Re: [HACKERS] An idle thought

2010-03-22 Thread Bruce Momjian
Jeff Davis wrote:
 On Tue, 2010-03-16 at 15:29 +, Greg Stark wrote:
  I'm picturing storing a bit in the visibility map indicating that *no*
  records are visible in a given page.
 
 I've been thinking for a while that we could store the visibility
 information in a structure separate from the heap -- sort of like the
 visibility map, but per-tuple and authoritative rather than a per-page
 hint.
 
 There are all kinds of challenges there, but it might be worth thinking
 about. Visibility information is highly compressible, and requires
 constant maintenance (updates, deletes, freezing, etc.).

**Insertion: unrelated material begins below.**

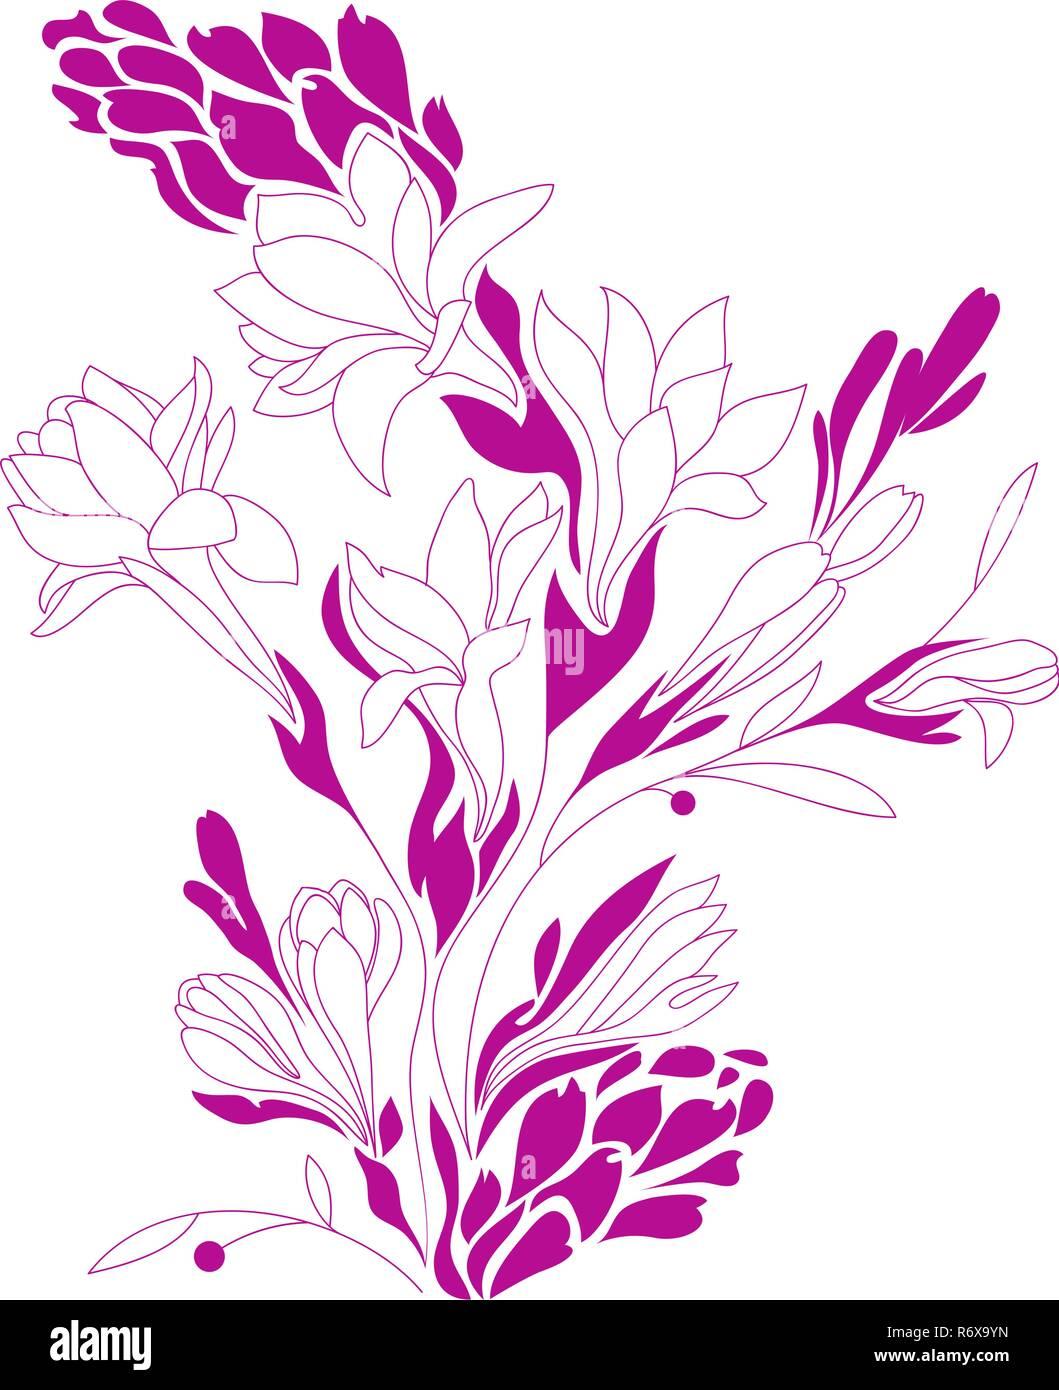 Flowers contour drawing, silhouette floral, Tuberose design, vector illustration - Stock Vector
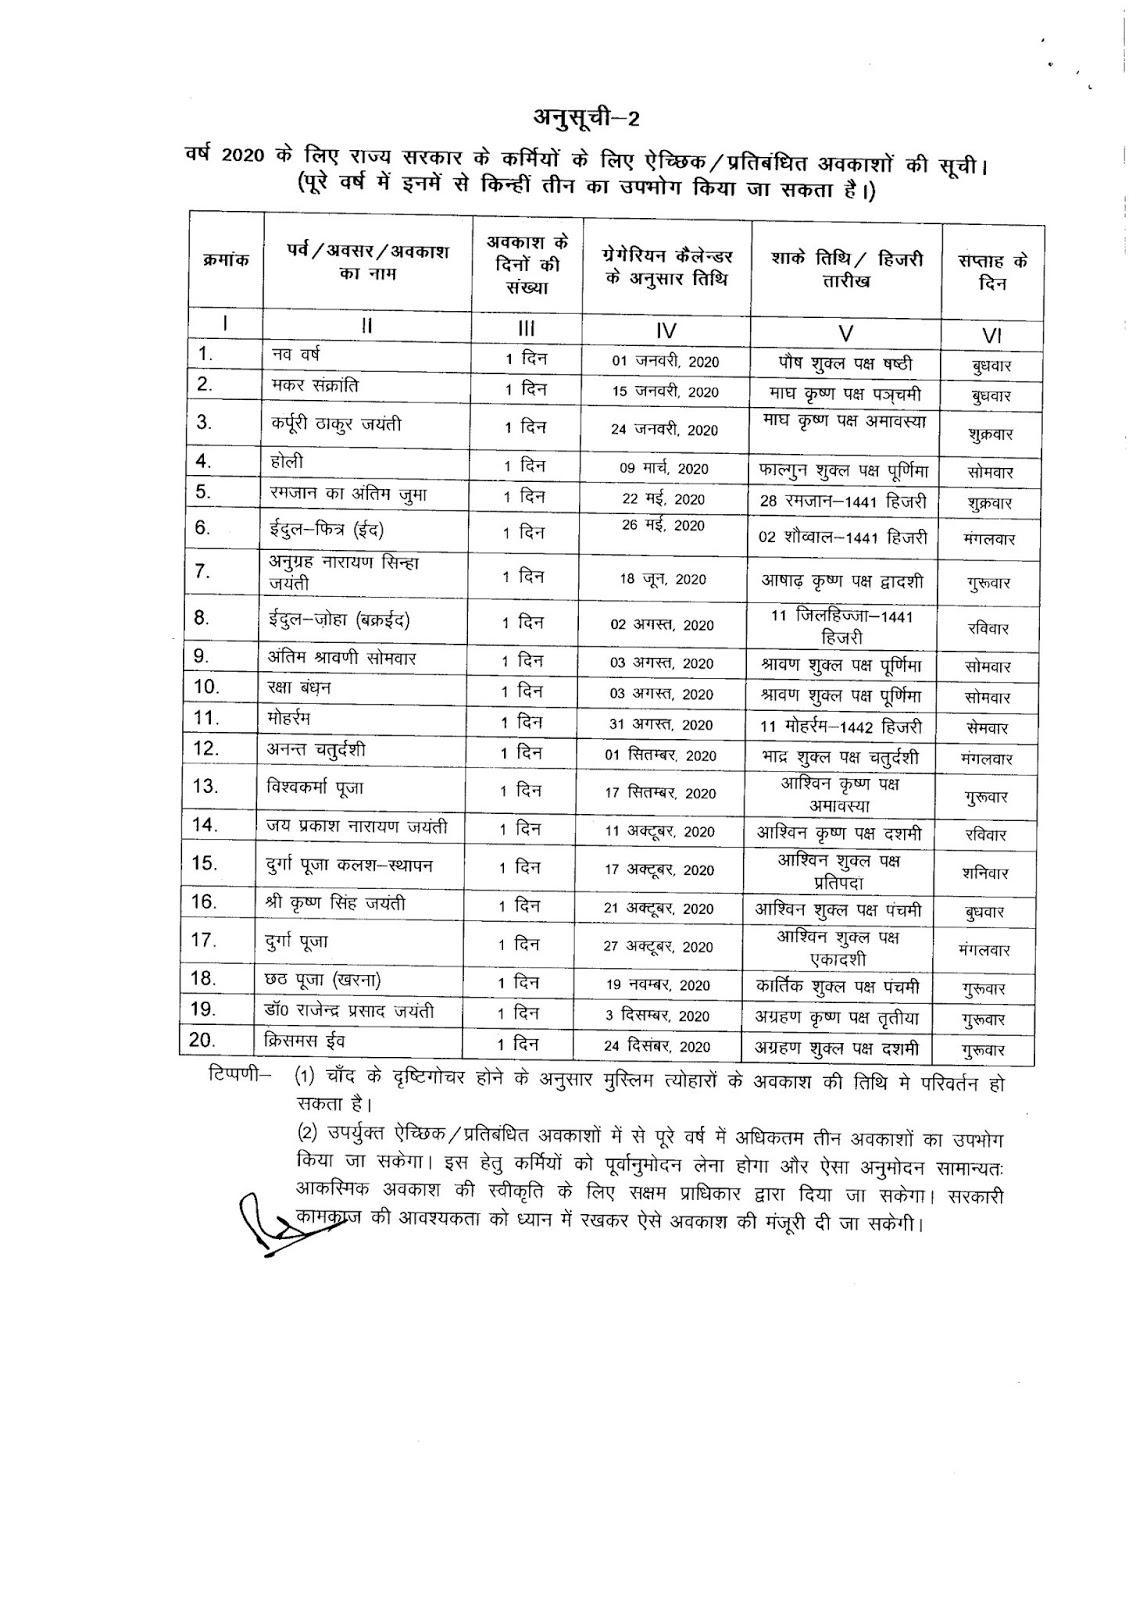 Bihar Government Calendar 2020 #educratsweb within Bihar Government Calendar 2020

It also might
 make it possible to move to 64-bit xids, if we wanted to.

I don't think we want to move to 64-bit xids becasue we would still need
to do vacuum freeze to trim the clog.  In fact we do vacuum freeze much
more frequently than required for 32-bit xids for this very reason.

-- 
  Bruce Momjian  br...@momjian.ushttp://momjian.us
  EnterpriseDB http://enterprisedb.com

  PG East:  http://www.enterprisedb.com/community/nav-pg-east-2010.do

-- 
Sent via pgsql-hackers mailing list (pgsql-hackers@postgresql.org)
To make changes to your subscription:
http://www.postgresql.org/mailpref/pgsql-hackers


Re: [HACKERS] An idle thought

2010-03-22 Thread Jeff Davis
On Mon, 2010-03-22 at 16:48 -0400, Bruce Momjian wrote:
 I don't think we want to move to 64-bit xids becasue we would still need
 to do vacuum freeze to trim the clog.  In fact we do vacuum freeze much
 more frequently than required for 32-bit xids for this very reason.

Good point. I think there are a lot of issues like this, which would
make storing the visibility information separate from the heap a huge
undertaking. Still worth thinking about, though.

Regards,
Jeff Davis


-- 
Sent via pgsql-hackers mailing list (pgsql-hackers@postgresql.org)
To make changes to your subscription:
http://www.postgresql.org/mailpref/pgsql-hackers


Re: [HACKERS] An idle thought

2010-03-19 Thread Gokulakannan Somasundaram
 Surely the VM is already update-friendly. If you update a tuple in a
 page with the visibility bit set, the bit must be unset or you will get
 wrong results.



I was referring in the context of index only scans to skip visibility
checks. I doubt, whether the visibility map feature to skip visibility
checks at the heap can be created without any extra cost to updates/inserts.
When a data is compressed then there is more contention for the same block
and hence would likely affect DMLs. I hope that's what Tom was also
referring to, but not in the visibility map context.

Gokul.


Re: [HACKERS] An idle thought

2010-03-18 Thread Gokulakannan Somasundaram
On Thu, Mar 18, 2010 at 2:50 AM, Tom Lane t...@sss.pgh.pa.us wrote:

 Jeff Davis pg...@j-davis.com writes:
  There are all kinds of challenges there, but it might be worth thinking
  about. Visibility information is highly compressible, and requires
  constant maintenance (updates, deletes, freezing, etc.). It also might
  make it possible to move to 64-bit xids, if we wanted to.

 If you want it to be cheaply updatable (or even cheaply readable),
 compression is not what you're going to do.

regards, tom lane

 +1..


Re: [HACKERS] An idle thought

2010-03-18 Thread Gokulakannan Somasundaram

  Secondly there's the whole retail vacuum problem -- any
 index entries referring to this page would be left dangling unless
 there's some kind of retail vacuum or perhaps a page version number.


The issue, we can divide into two
a)volatile functions
b)broken datatypes

For a) I think volatile function issue can be resolved by using hidden
columns in the heap itself. This will create a duplication of data, but
since the index will get created on it, it will always point to the right
heap tuple

For b) We are already suffering with this issue in any index lookups, index
based updates/deletes, unique constraints, referential integrity maintenance
etc. So hopefully one day we can extend this list to include more :))

Gokul.


Re: [HACKERS] An idle thought

2010-03-18 Thread Gokulakannan Somasundaram


 I didn't mean that we'd want to compress it to the absolute minimum
 size. I had envisioned that it would be a simple scheme designed only to
 eliminate long runs of identical visibility information (perhaps only
 the frozen and always visible regions would be compressed).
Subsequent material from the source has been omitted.